DATASET SECTION:
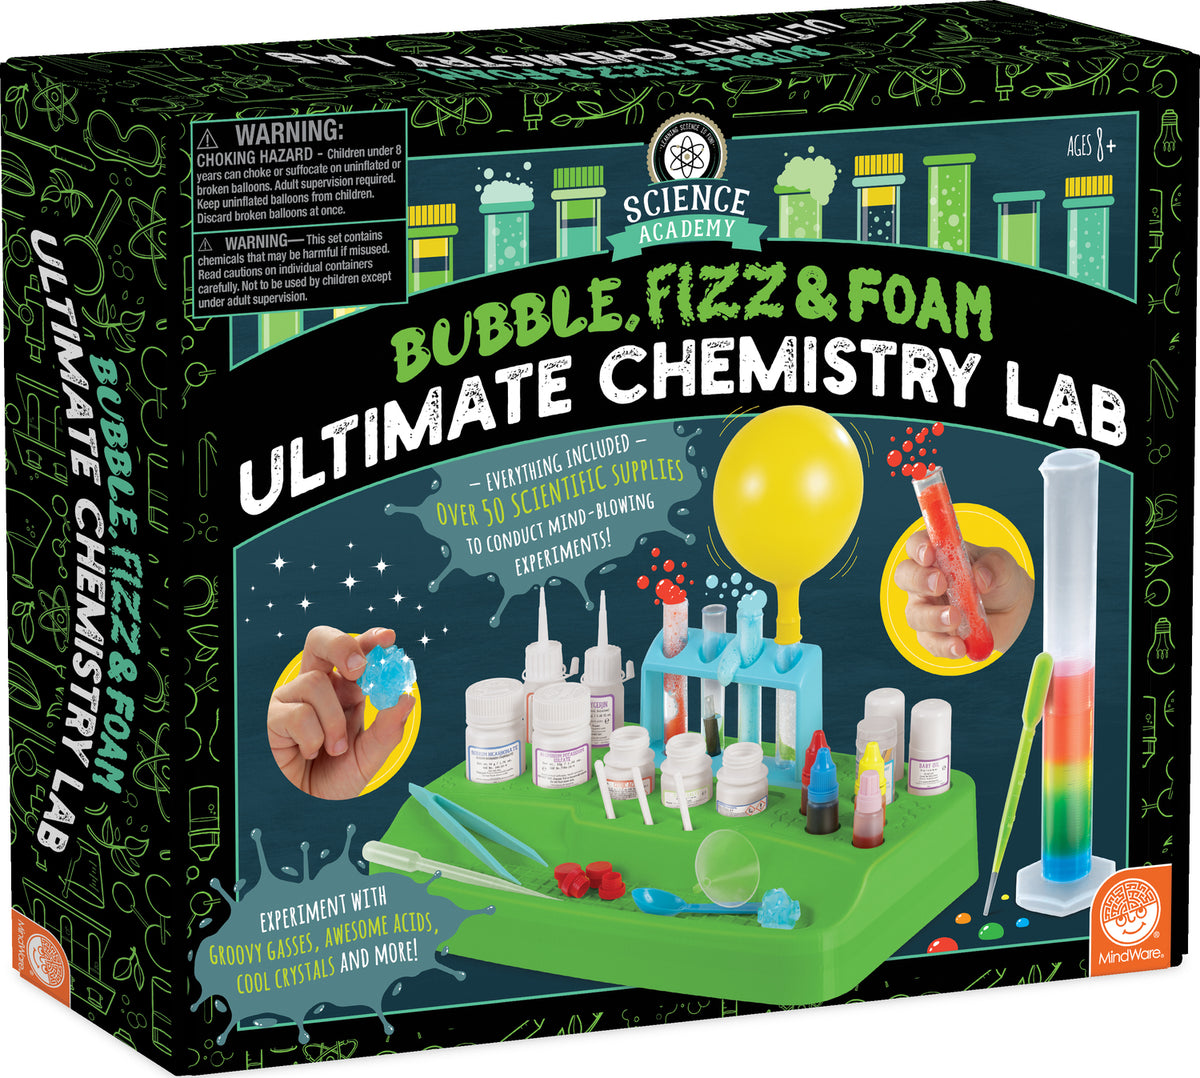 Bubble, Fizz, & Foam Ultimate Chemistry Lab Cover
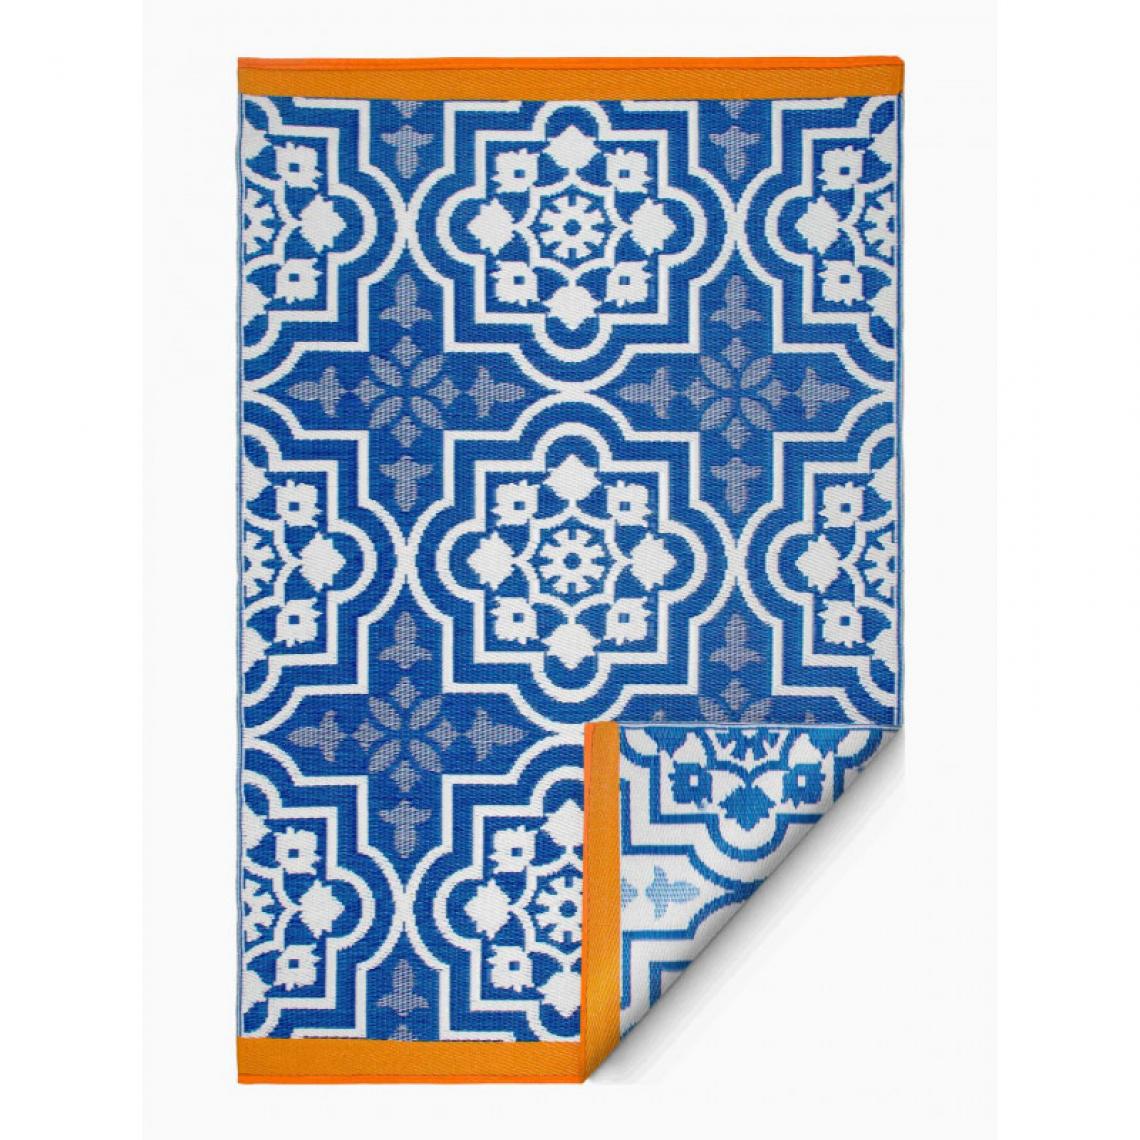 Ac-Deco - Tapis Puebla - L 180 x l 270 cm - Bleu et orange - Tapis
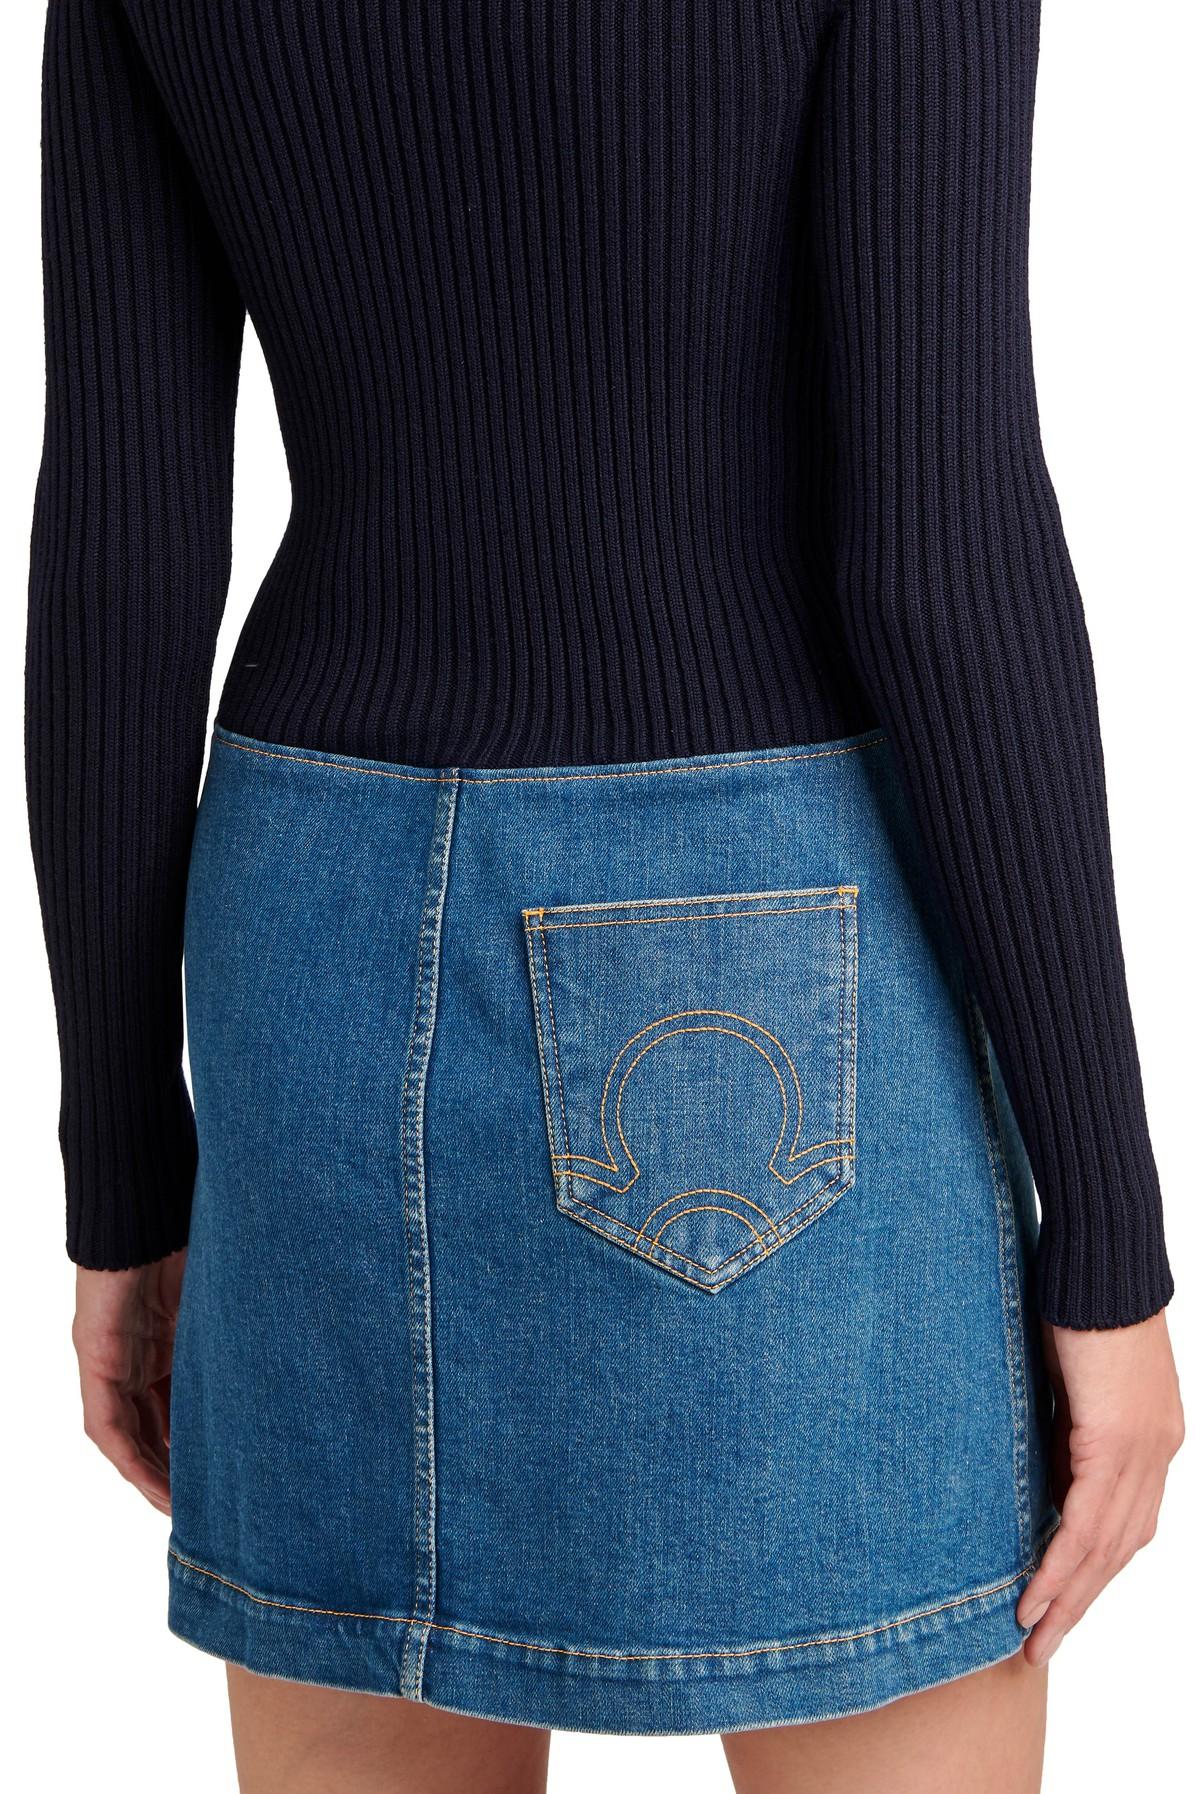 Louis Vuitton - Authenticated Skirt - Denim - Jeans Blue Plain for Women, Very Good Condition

TASK STATEMENT:
Set down the data above exactly as written. Omit the pictures.

ANSWER:
 Bubble, Fizz, & Foam Ultimate Chemistry Lab Cover
 Ac-Deco - Tapis Puebla - L 180 x l 270 cm - Bleu et orange - Tapis
 Louis Vuitton - Authenticated Skirt - Denim - Jeans Blue Plain for Women, Very Good Condition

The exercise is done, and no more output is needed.